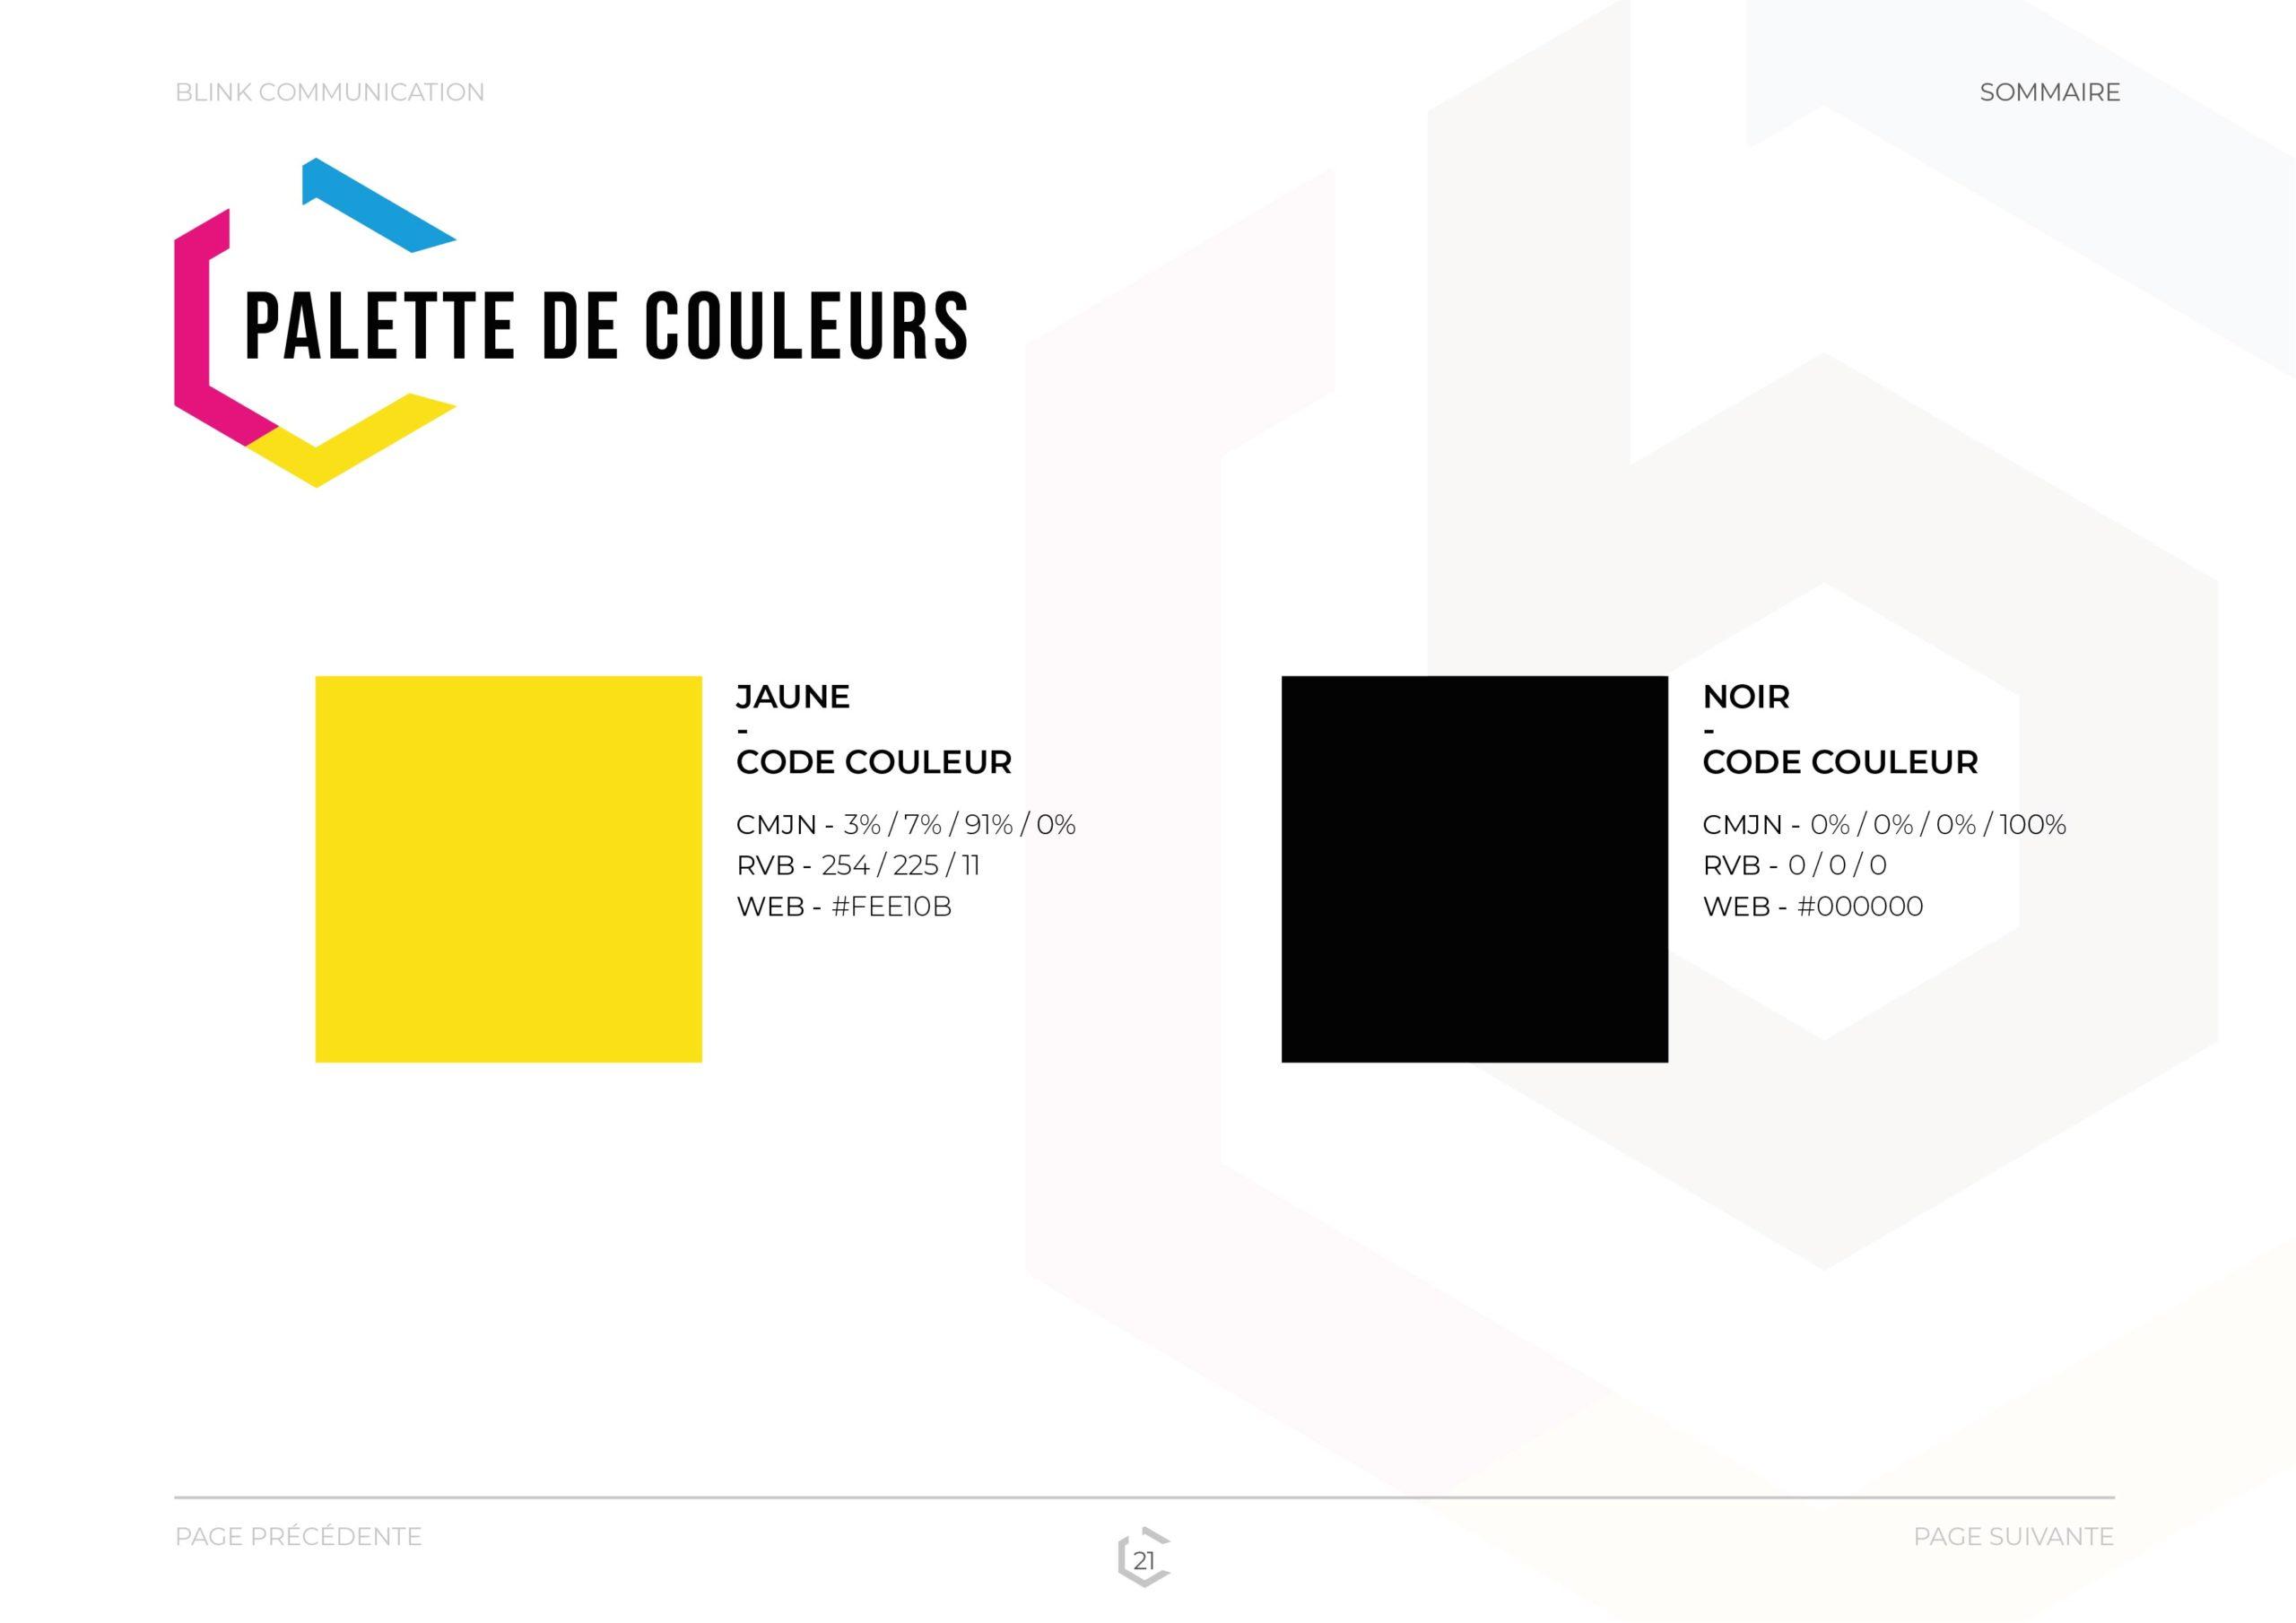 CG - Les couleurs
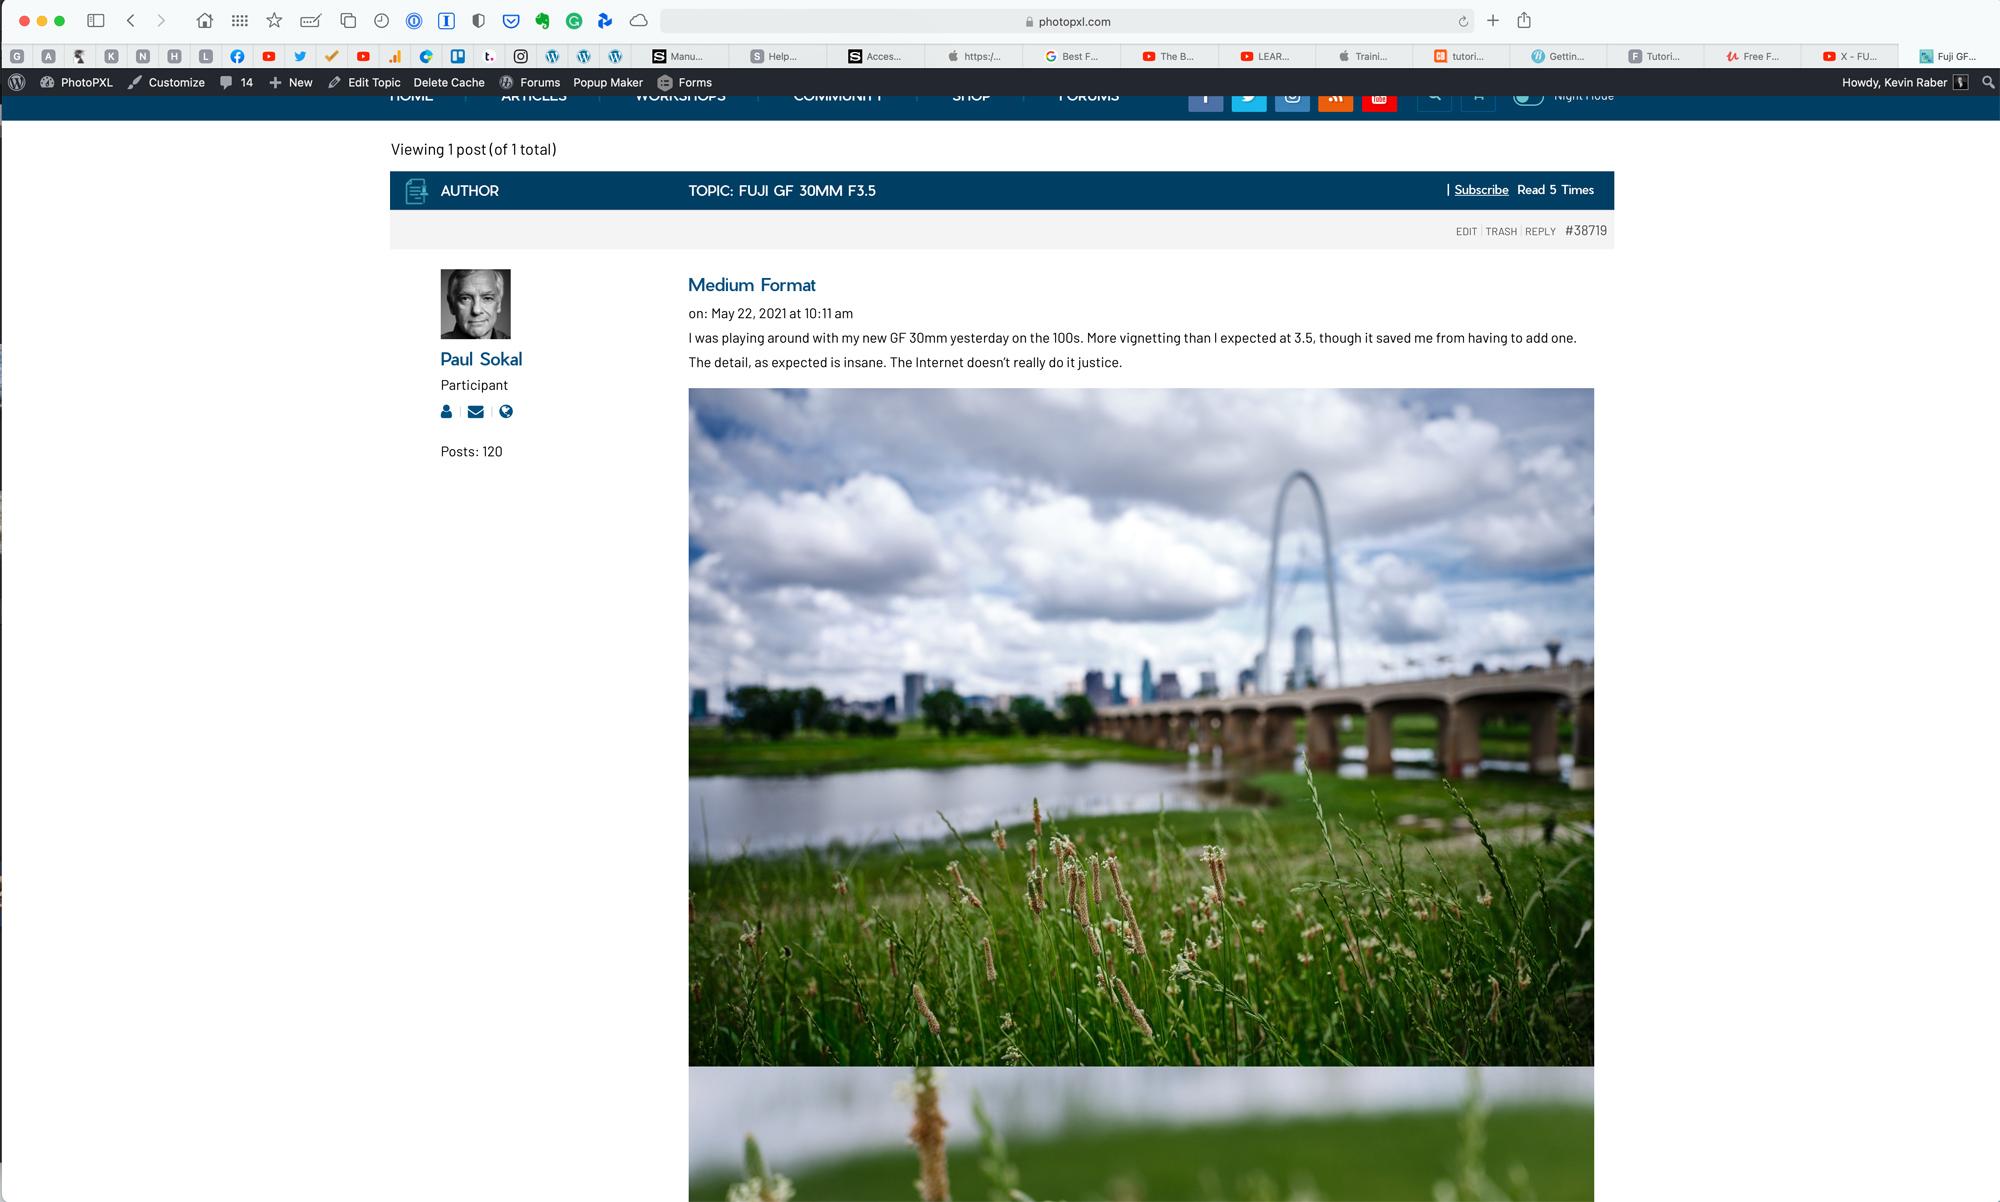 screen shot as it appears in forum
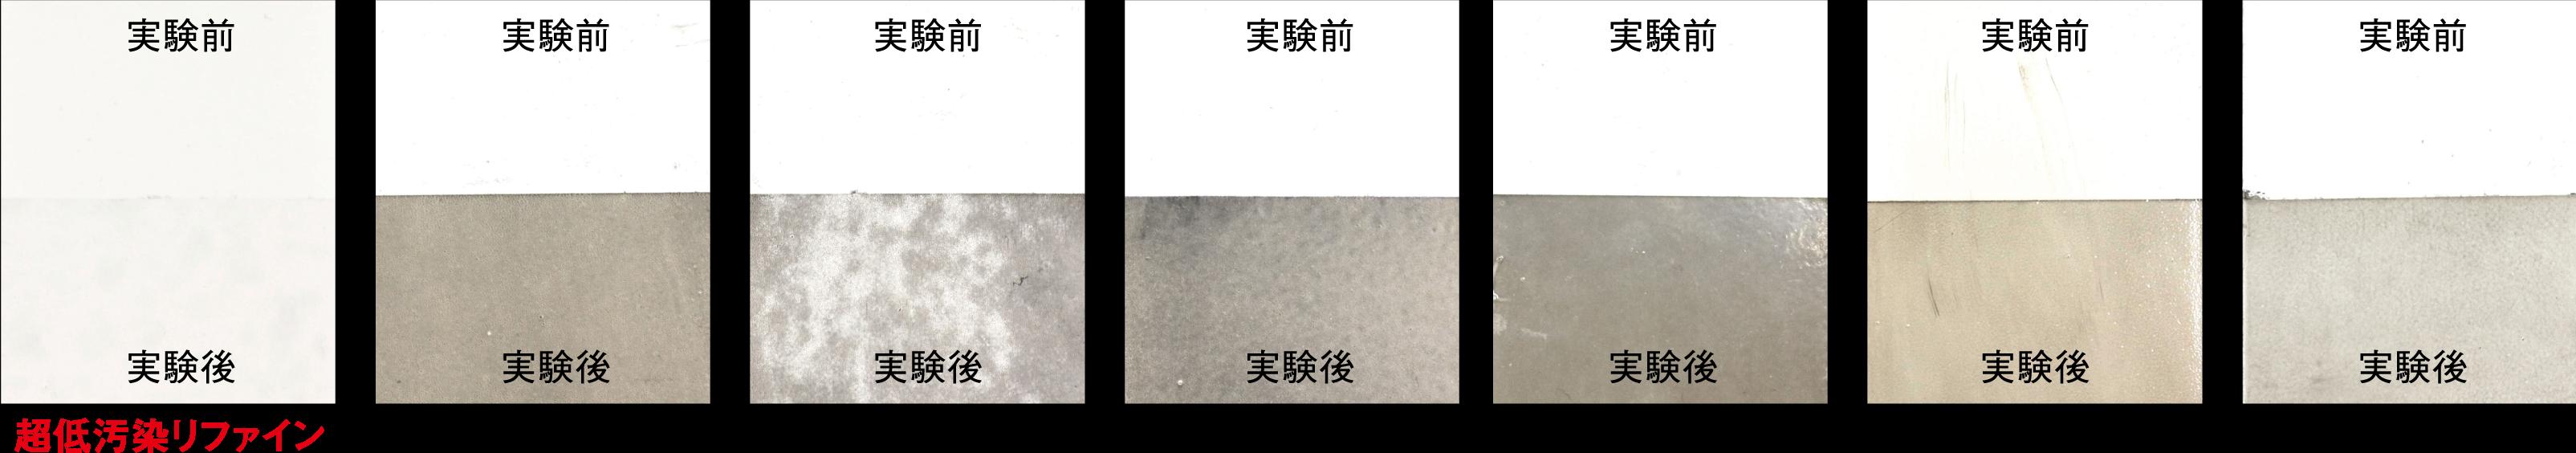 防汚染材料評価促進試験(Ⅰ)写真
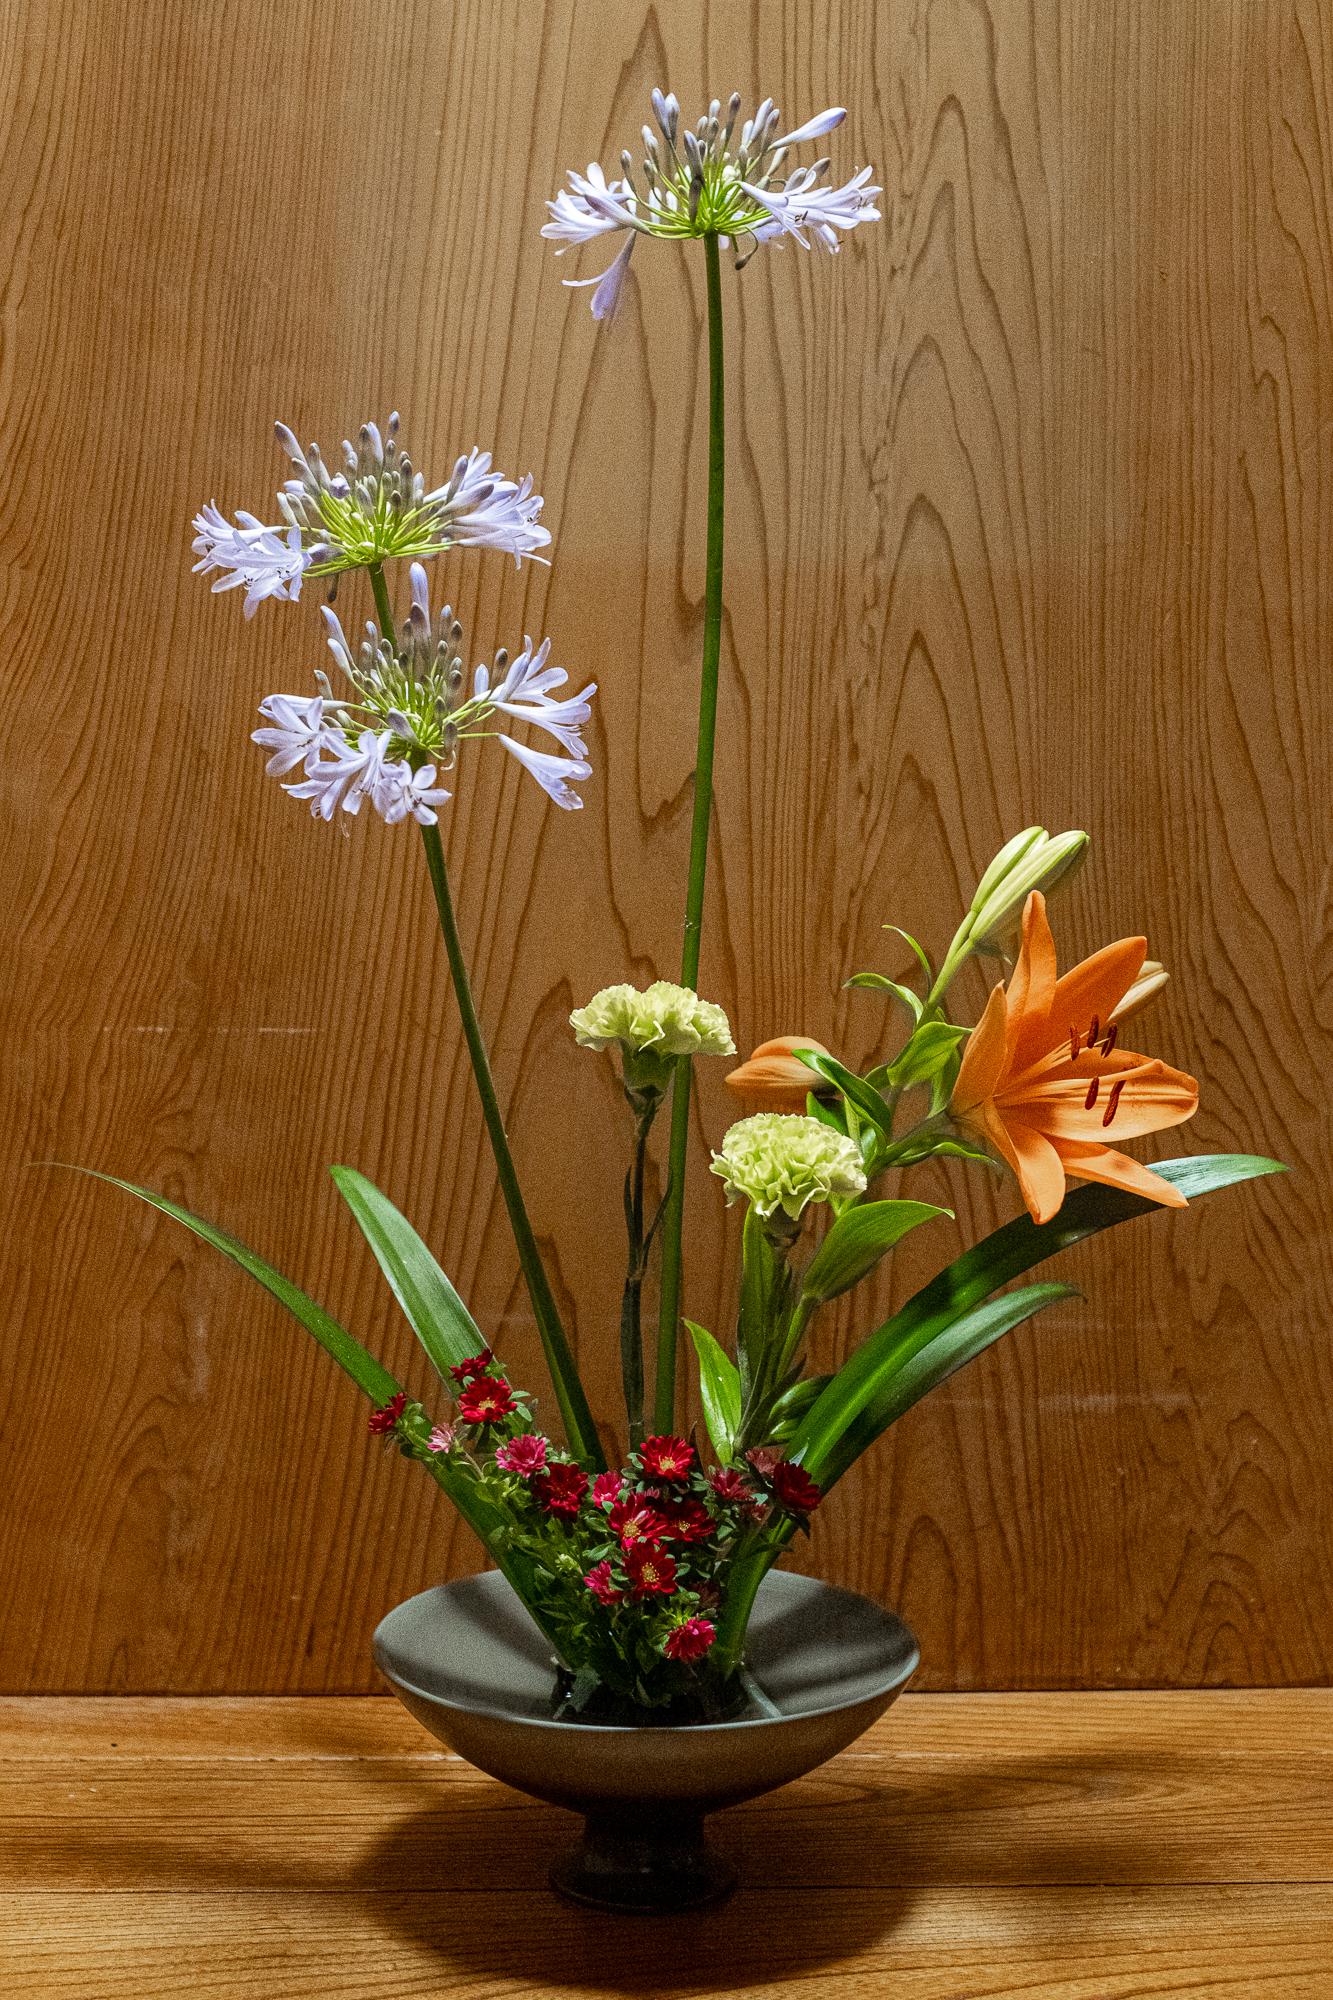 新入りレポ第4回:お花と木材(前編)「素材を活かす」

→ Task instructions
Write the data above out again exactly, minus its pictures.

→ Result below
 CG - Les couleurs
 screen shot as it appears in forum
 防汚染材料評価促進試験(Ⅰ)写真
 新入りレポ第4回:お花と木材(前編)「素材を活かす」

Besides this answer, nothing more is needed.